L’AI Assistant nei Workflows di HighLevel include ora le performance WhatsApp: metriche di invio, consegna, fallimento e lettura interrogabili in linguaggio naturale.

A cura della redazione di HighLevel ItaliaMetodo editoriale
Fonte primaria consultata
HighLevel porta le analytics WhatsApp nell’AI Assistant dei Workflows

TL;DR: HighLevel ha esteso l’AI Assistant disponibile nei Workflows alle metriche delle azioni WhatsApp. Secondo il changelog ufficiale, è ora possibile chiedere in linguaggio naturale dati su invii totali, messaggi consegnati, falliti e in attesa, oltre a conteggi e tassi di lettura. L’assistente può inoltre confrontare l’intervallo richiesto con il periodo immediatamente precedente. L’obiettivo dichiarato è riunire nell’interfaccia conversazionale la lettura delle prestazioni di Email, SMS e WhatsApp, evitando di dover consultare separatamente dashboard ed execution log per una prima analisi del workflow.

In sintesi

Con l’aggiornamento denominato “WhatsApp Analytics in the AI Assistant in Workflows”, HighLevel amplia la copertura analitica del proprio assistente AI nei flussi di automazione. La novità riguarda in modo specifico gli step WhatsApp presenti in un workflow: l’utente può formulare una domanda testuale e ricevere dati calcolati sui dati live relativi a quella fase.

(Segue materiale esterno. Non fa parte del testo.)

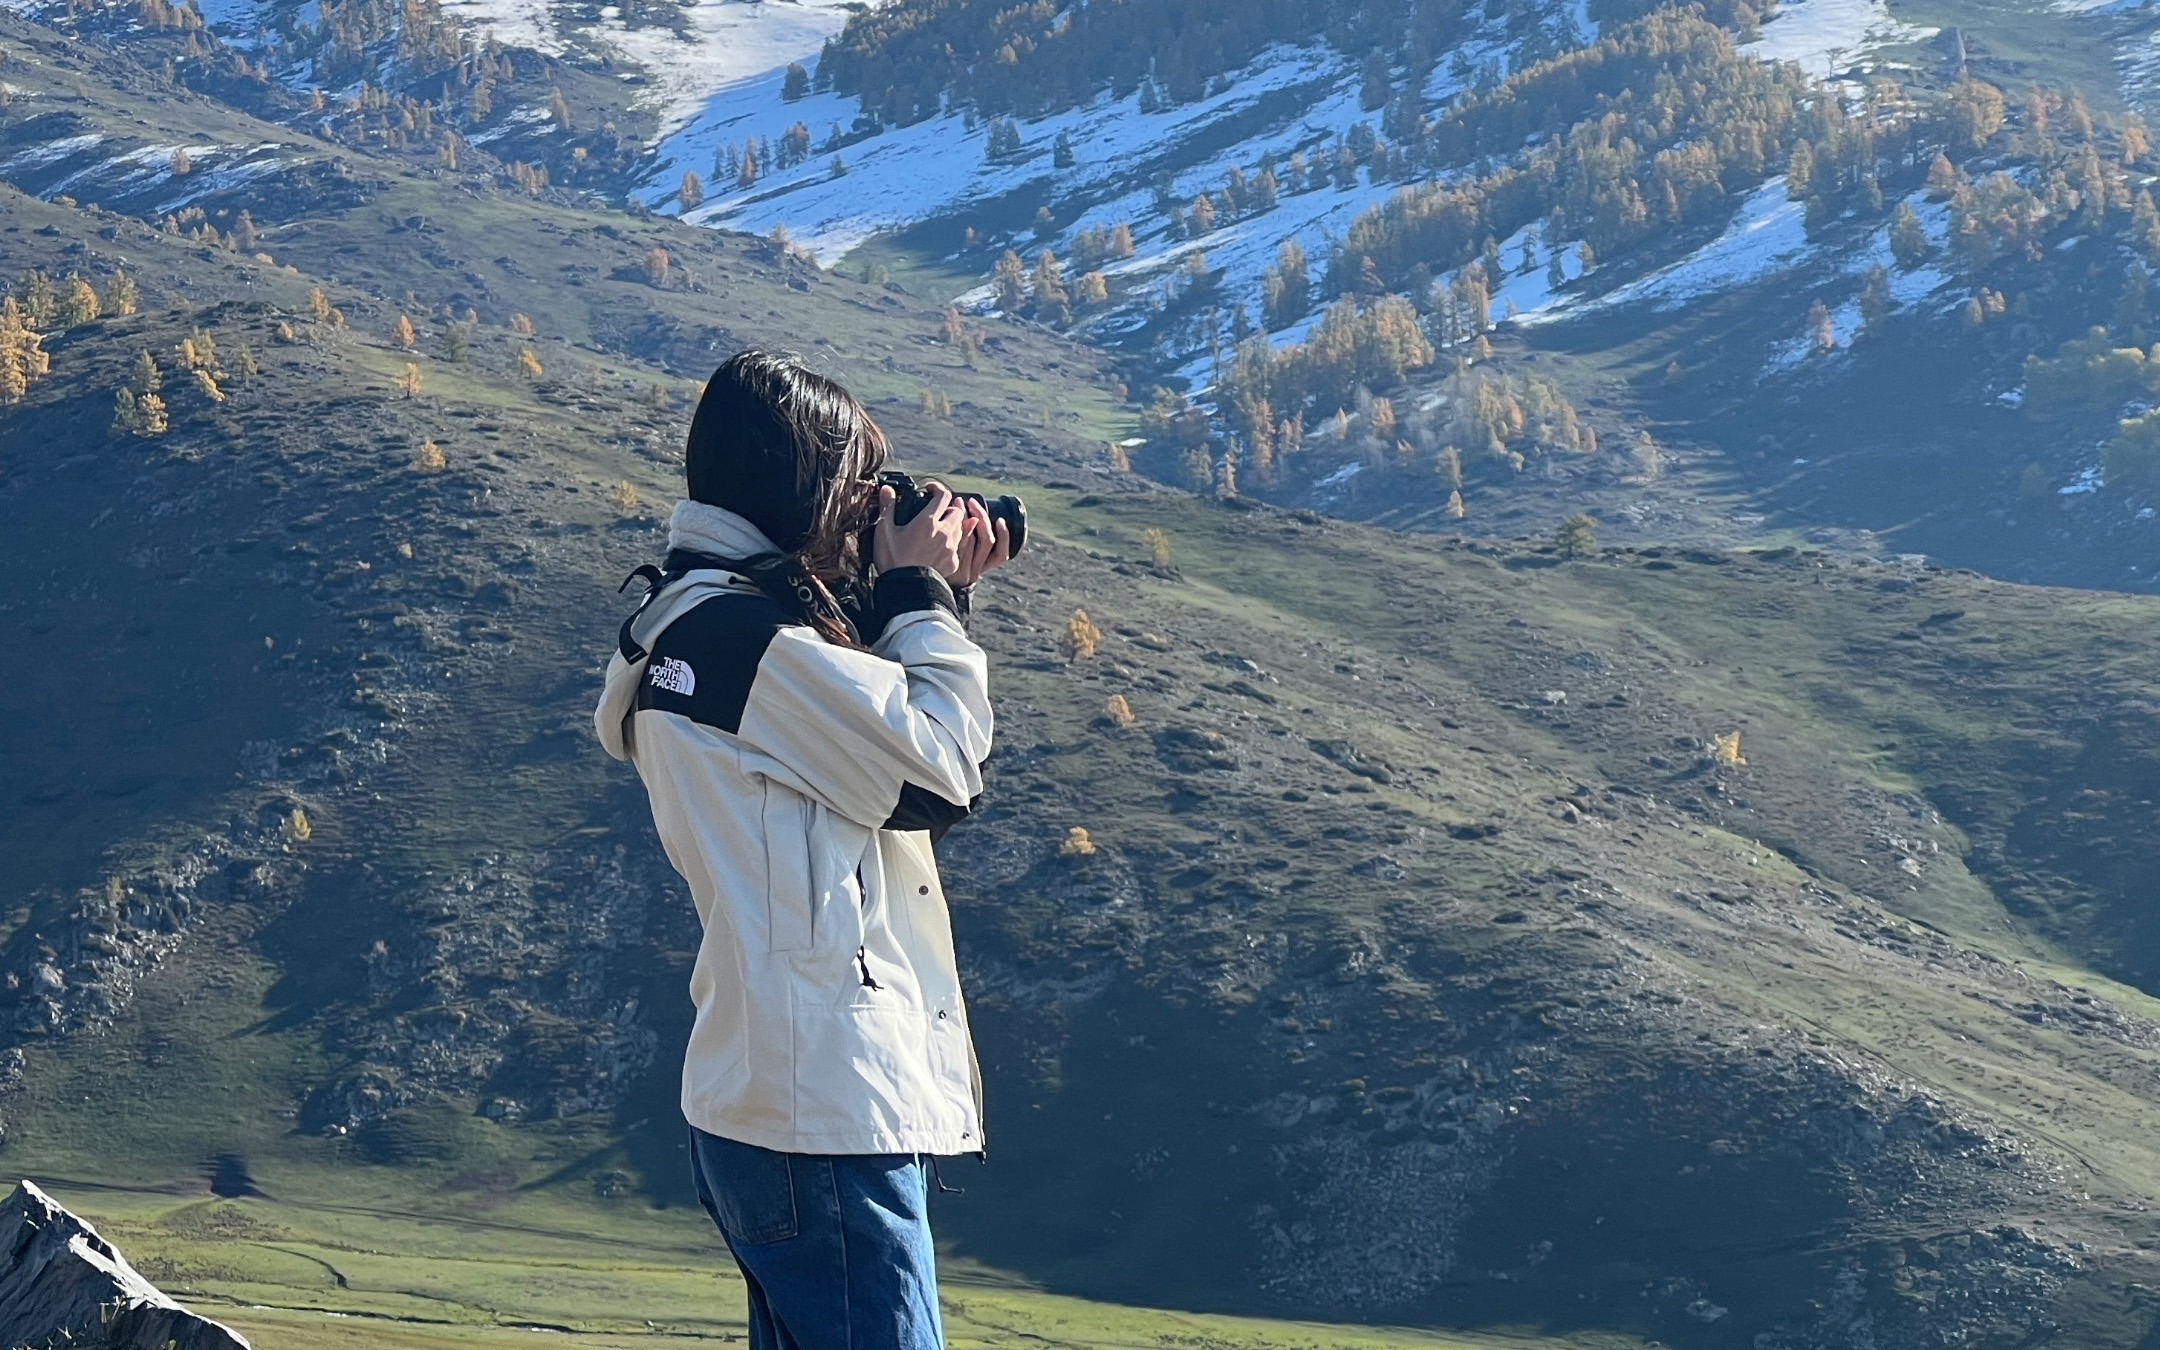 【摄影合集】新疆旅游小记 还有一些我用相机记录下的瞬间

La fonte ufficiale indica che l’AI Assistant restituisce, per qualsiasi step WhatsApp, il totale degli invii e i conteggi di messaggi consegnati, falliti e in attesa. Alle quantità affianca il tasso di consegna e il tasso di fallimento calcolati. Sono inclusi anche i messaggi letti tra quelli consegnati e il relativo read rate, ossia il tasso di lettura.

Non si tratta quindi di una nuova azione WhatsApp per i Workflows, né di una promessa di migliori performance di recapito. È una funzione di consultazione e lettura dei risultati degli step WhatsApp già presenti nel workflow. Questa distinzione è importante: disporre di dati più accessibili può semplificare l’analisi, ma non modifica da solo contenuti, consenso, impostazioni del canale, qualità dei contatti o condizioni che incidono sulla consegna e sulla lettura.

La novità risulta potenzialmente utile ad agenzie, team CRM, marketer e aziende che utilizzano HighLevel o GoHighLevel per orchestrare follow-up, reminder, messaggi di assistenza o comunicazioni commerciali su WhatsApp. In particolare, può ridurre il tempo necessario per ottenere una fotografia iniziale dell’andamento di uno step, senza passare da domande tecniche, export o consultazioni manuali di più aree del prodotto.

La pubblicazione di riferimento è il changelog ufficiale HighLevel, WhatsApp Analytics in the AI Assistant in Workflows, datato 14 agosto 2026. Nomi delle funzioni, interfaccia e disponibilità possono cambiare dopo tale data di verifica.

Cosa cambia nell’analisi degli step WhatsApp

Prima di questo rilascio, il changelog afferma che i dati di performance WhatsApp erano fuori dalla copertura dell’Assistant. Con l’estensione annunciata, Email, SMS e WhatsApp vengono invece gestiti dalla stessa interfaccia conversazionale per l’analisi delle performance nei workflow.

In concreto, per uno step WhatsApp l’assistente può riportare:

  • il numero totale di messaggi inviati;
  • il numero di messaggi consegnati;
  • il numero di messaggi falliti;
  • il numero di messaggi in stato pending, cioè in attesa;
  • il delivery rate e il failure rate calcolati;
  • il numero di messaggi letti fra quelli consegnati;
  • il read rate corrispondente.

L’aspetto più utile non è soltanto l’elenco delle metriche. La fonte descrive risposte orientate all’insight: l’assistente presenta prima le cifre principali, poi evidenzia ciò che è cambiato attraverso osservazioni in linguaggio semplice su volume, rapporto tra consegne e fallimenti, e comportamento di lettura.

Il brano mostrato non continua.